Em Nápoles, Bartolomé compôs alguns poemas, entre os quais a famosa Elegía en la muerte de la reina, doña Margarita, nuestra señora (Elegia pela morte da rainha, Dona Margarida, nossa senhora, 1611), e dois anos após a morte de seu irmão, em 1615, foi nomeado cônego de La Seo de Saragoça, enquanto se encontrava em Roma, onde conheceu Galileu Galilei, que tentava vender seus instrumentos de navegação à coroa espanhola.
Cronista do rei, poeta: características
Em 1618, Bartolomé Leonardo de Argensola foi nomeado cronista do rei para os reinos da Coroa de Aragão, o que ampliou suas funções como historiador oficial. A partir dessa data, passou a residir permanentemente em Saragoça, embora de tempos em tempos se deslocasse a Madri para cumprir compromissos profissionais, como em 1619, a pedido de La Seo.
Tacitista e neo-estoico, Bartolomé aprofundou, como historiador, os temas da razão de Estado, da tirania e do exercício do poder absoluto, escrevendo a história para compreender o passado, convencido de que seu conhecimento deveria sempre estar a serviço da ética.
Para Bartolomé, compor poesia significava inspirar-se nos antigos gregos e nos latinos, entre os quais Horácio, Virgílio, Juvenal, Aulo Pérsio Flaco, Marcial, Píndaro, Luciano de Samósata, utilizando o terceto em sátiras, epístolas e sermões. Bartolomé revelou-se um dos mais importantes poetas castelhanos do início do século XVII, próximo e semelhante ao irmão pela inspiração nos poetas latinos e pelo caráter moralizante e didático, embora Lupercio fosse mais elegante e Bartolomé mais profundo. Ele expôs sua estética na “Epístola a Fernando de Soria”, inspirada na “Epistola ad Pisones” de Horácio. Seu sobrinho Gabriel Leonardo de Albion publicou em 1634 em Saragoça a edição póstuma dos poemas de seu pai e de seu tio, 197 poemas, divididos em quatro grupos: amorosos, satíricos, morais-religiosos e de ocasião.

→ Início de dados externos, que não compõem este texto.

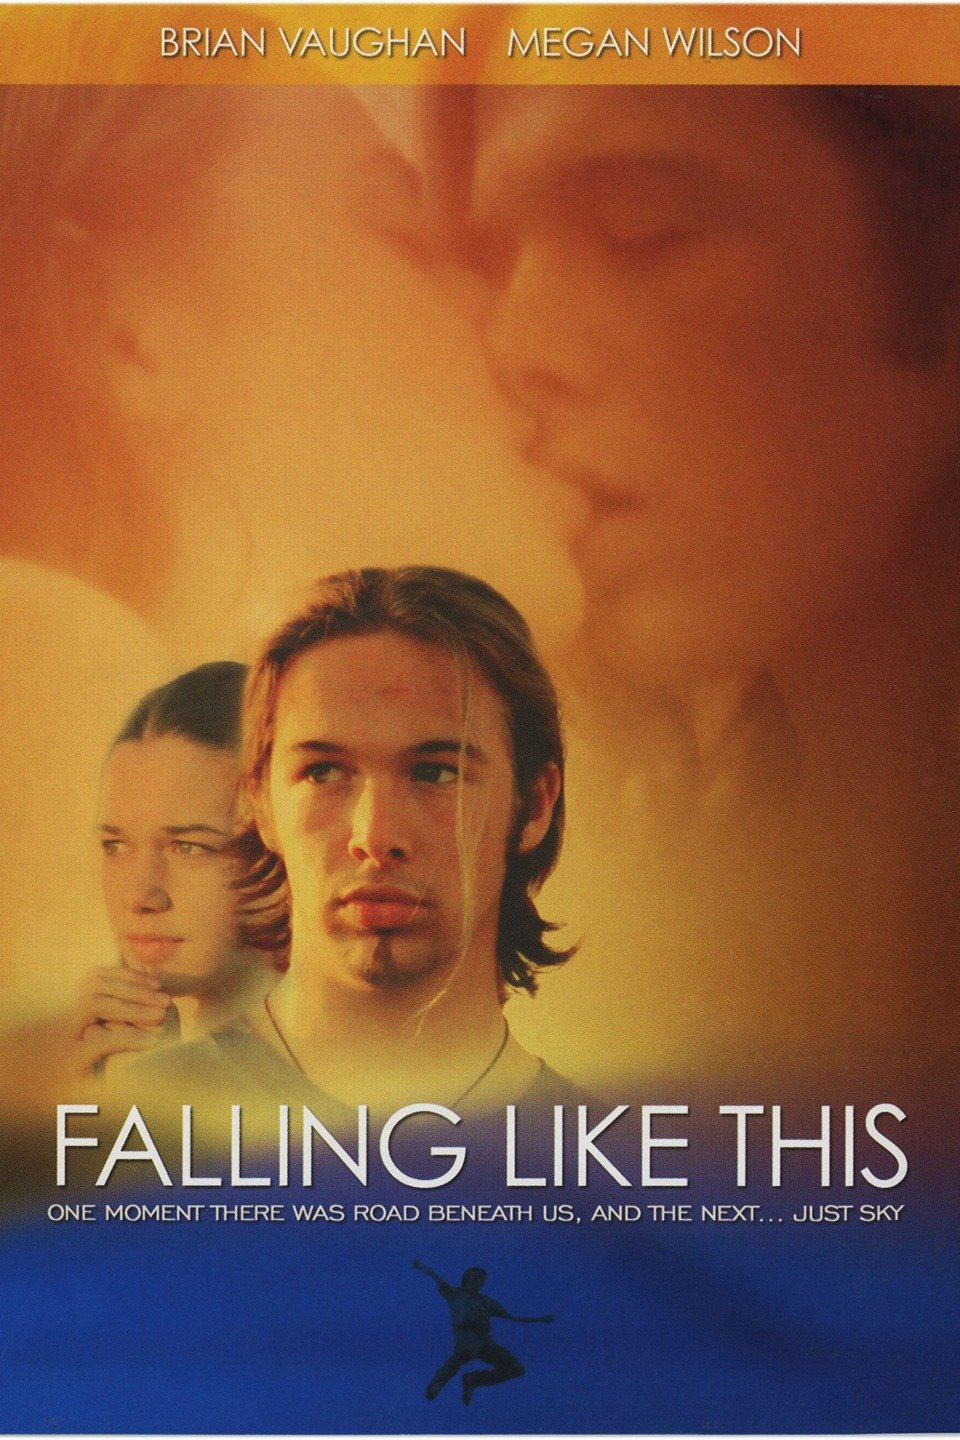 Falling like. This Fall фильм. Like this кино. Харли Вентон актер. More like this film.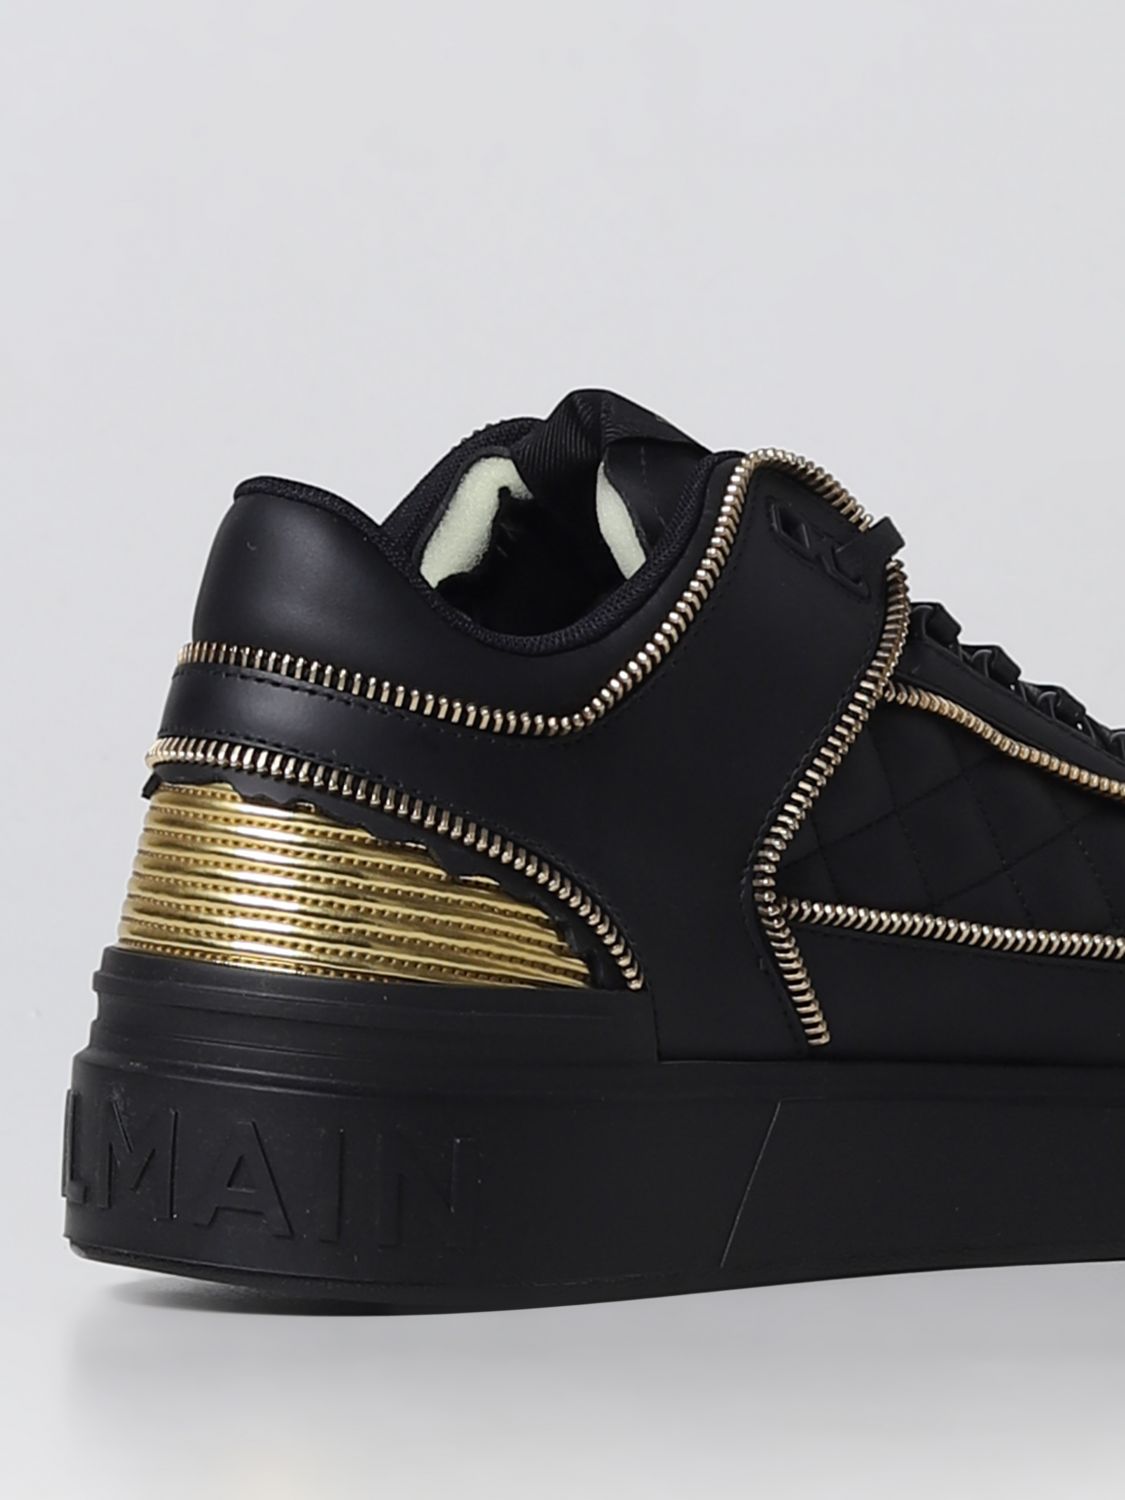 fjerkræ skrivning gidsel BALMAIN: B-Court sneakers in smooth leather - Black | Balmain sneakers  AM1VI304LRTZ online at GIGLIO.COM

Nos poemas amorosos, ele frequentemente se afastou do platonismo metafísico e pareceu defender uma relação física, descrevendo sobretudo a beleza feminina.
Bartolomé era um profundo conhecedor das sátiras de Juvenal e de Pérsio, embora seu mestre preferido fosse Horácio, a quem procurou imitar em suas críticas à corrupção dos costumes da vida na corte e nas críticas aos vícios sociais em relação à doutrina estoica.
Outros versos pertencem à poesia moral, que seguiu os temas típicos barrocos: o predomínio da razão sobre os sentidos, os perigos do mar, a brevidade da beleza feminina e da vida.